Apoptosis is one mechanism by which cell death occurs. p53 is a tumor-suppression gene that serves an important role in apoptosis, cell aging and cell cycle arrest (9). The inactivation of p53 in the p53-dependent apoptosis pathway may promote tumor occurrence, tumor development and resistance to antitumor drugs (10). The Bcl-2 gene family serves important functions in the intrinsic mitochondrial-mediated apoptosis pathway. In this family, certain members exhibit inhibitory effects on apoptosis, whereas others such as Bax promote apoptosis (11). Bax is normally located in the cytoplasm; once the apoptotic signal is received, Bax undergoes oligomerization and is translocated to the mitochondrial membrane, which subsequently leads to the release of cytochrome c and other apoptosis factors into the cytoplasm (12,13). Cytochrome c combines apoptotic protease activating factor-1 and pro-caspase-9, which form apoptosomes, which lead to the activation of caspase-9 and caspase-3. Previous studies have reported that Bax deficiency may cause cancer cells to become insensitive to certain antitumor drugs by preventing the translocation of Bax to the mitochondria (14).
Cordycepin (3′ deoxyadenosine), a derivative of the nucleoside adenosine, is a metabolic product extracted from Cordyceps militaris (15) and is a major bioactive component with important anticancer potential (16). Previous studies in several disease models have demonstrated that cordycepin possesses antitumor and anti-inflammatory effects that occur through the inhibition of mRNA synthesis (17,18). Cordycepin possesses anticancer activities, including antiproliferation, autophagy promotion, anti-migration and apoptosis induction (19,20). Although the anticancer activity of cordycepin has been examined in human bladder, brain and lung cancer cells, the mechanism by which cordycepin affects CRC remains poorly understood (21–23).
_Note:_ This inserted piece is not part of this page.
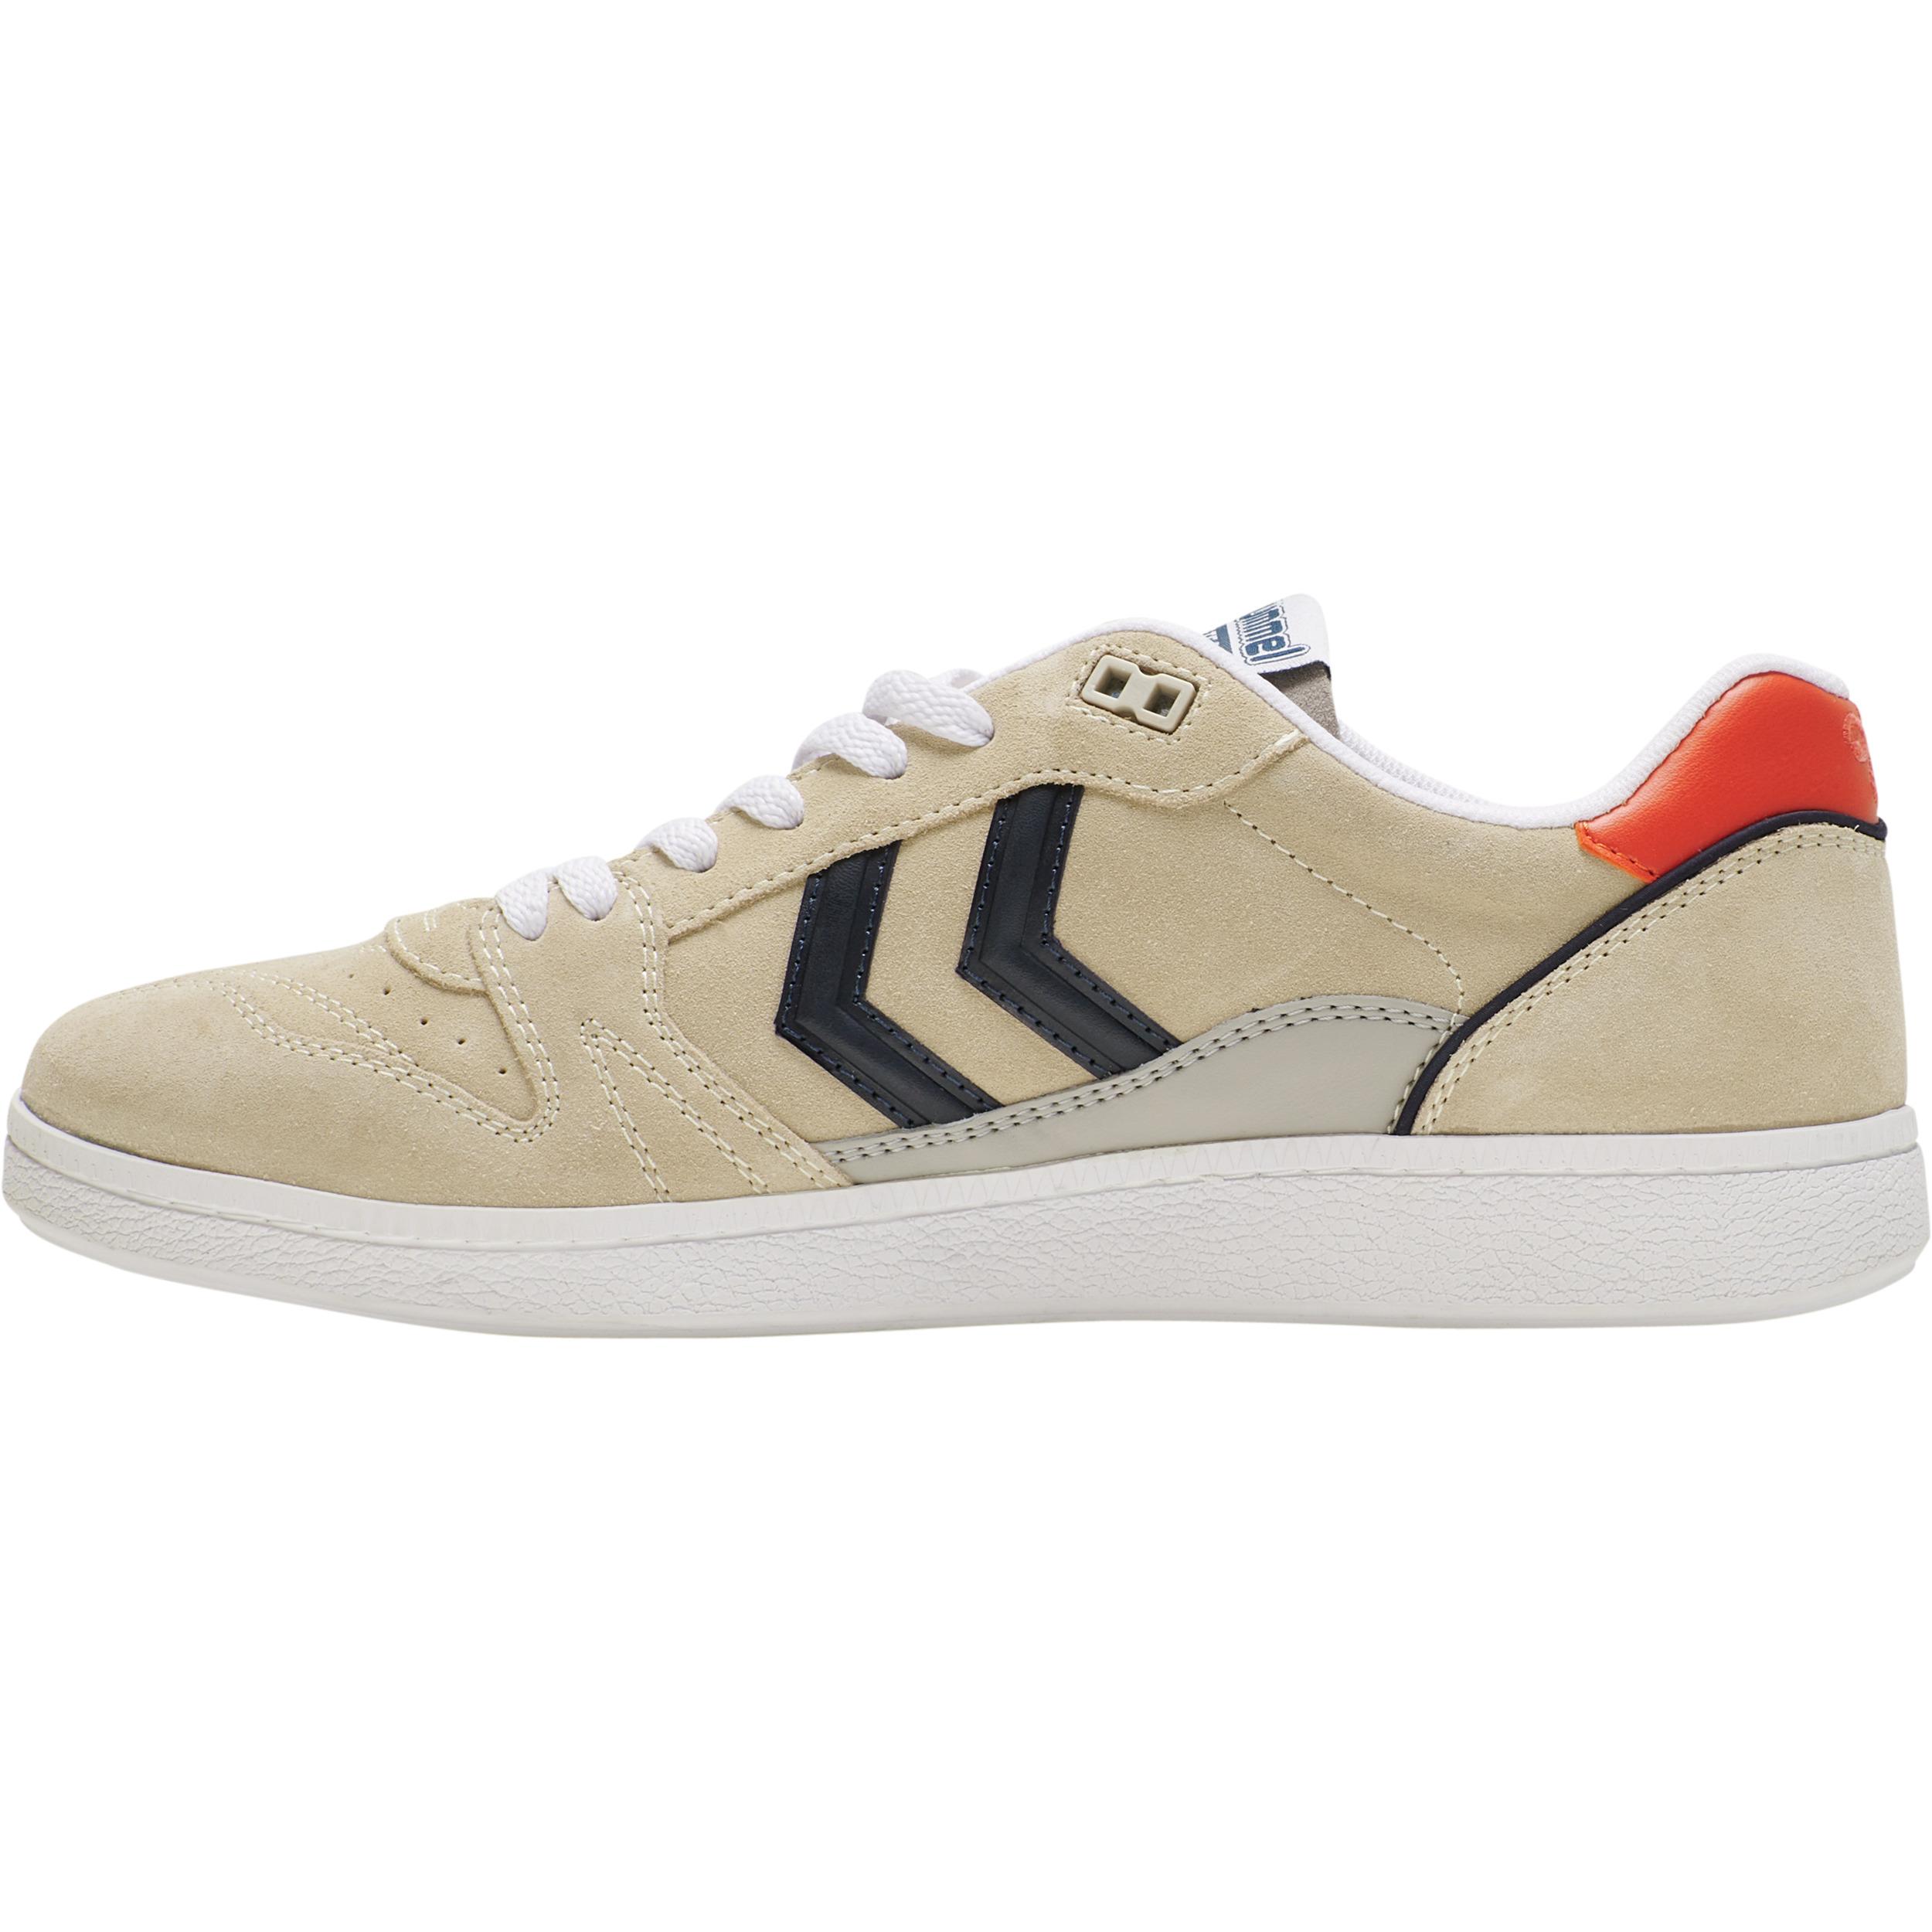 Hummel HB Team Suede sneakers

Results from the present study indicated that cordycepin suppresses colon cancer cell growth in vitro and demonstrated that cordycepin may accelerate apoptosis in HCT116 cells by inducing the translocation of Bax to the mitochondrial membrane (24). However, cordycepin-induced apoptosis and Bax translocation was notably inhibited in isogenic Bax-null (Bax−/−) human colon cancer HCT116 cells. Cordycepin-activated Bax translocation induced apoptosis, which was recovered through the reintroduction of Bax expression into Bax−/− cells. Taken together, these results suggested that cordycepin may establish the foundation of a therapeutic approach for cancers by targeting the Bax protein.
Materials and methods
Cell lines and plasmids
HCT116 human colorectal carcinoma cells were purchased from the American Type Culture Collection (Manassas, VA, USA). p53−/−, Bax−/− and p21−/− HCT116 cells were obtained from Dr Bert Vogelstein (Johns Hopkins University, Baltimore, MD, USA). The pEGFP-C3-Bax expression vectors were provided by Dr Quan Cheng (Institute of Zoology, Chinese Academy of Sciences, Beijing, China).
Cell culture
Wild-type (WT) HCT116, HCT116-p53−/−, HCT116-p21−/− and HCT116-Bax−/− cells were cultured in McCoy's 5A Medium (cat. no. A1324-9050; AppliChem, Inc., Maryland Heights, MO, USA) with 10% (v/v) fetal bovine serum (GE Healthcare Life Sciences, Logan, UT, USA) and 100 U penicillin/streptomycin (Gibco; Thermo Fisher Scientific, Inc., Waltham, MA, USA) at 37°C in a 5% CO2 incubator.
Reagents and antibodies
Cordycepin (C10H13N5O3; 251 Da; cat. no. C3394; Fig. 1A) and caspase-3 inhibitor (cat. no. 219007) were purchased from Sigma-Aldrich (Merck KGaA, Darmstadt, Germany). Rabbit monoclonal antibodies against Bax (cat. no. 5023), pro-caspase-3 (cat. no. 9665), cytochrome c oxidase IV (CoxIV; cat. no. 4850) and cleaved poly(ADP-ribose) polymerase (PARP; cat. no. 9541) were purchased from Cell Signaling Technology, Inc. (Danvers, MA, USA). The anti-mouse monoclonal p53 antibody (cat. no. sc-126) and anti-mouse cytochrome c (cat. no. sc-126) were obtained from Santa Cruz Biotechnology, Inc. (Dallas, TX, USA). The anti-mouse monoclonal β-actin antibody (cat. no. AC004) was purchased from ABclonal Biotech Co., Ltd. (Woburn, MA, USA). The anti-mouse monoclonal β-tubulin antibody (cat. no. AbM59005-37B-PU) was obtained from Beijing Protein Innovation (Beijing, China). The horseradish peroxidase (HRP)-conjugated secondary antibodies (cat. nos. 111-035-003 or 115-035-003) were obtained from Jackson ImmunoResearch Laboratories, Inc. (West Grove, PA, USA).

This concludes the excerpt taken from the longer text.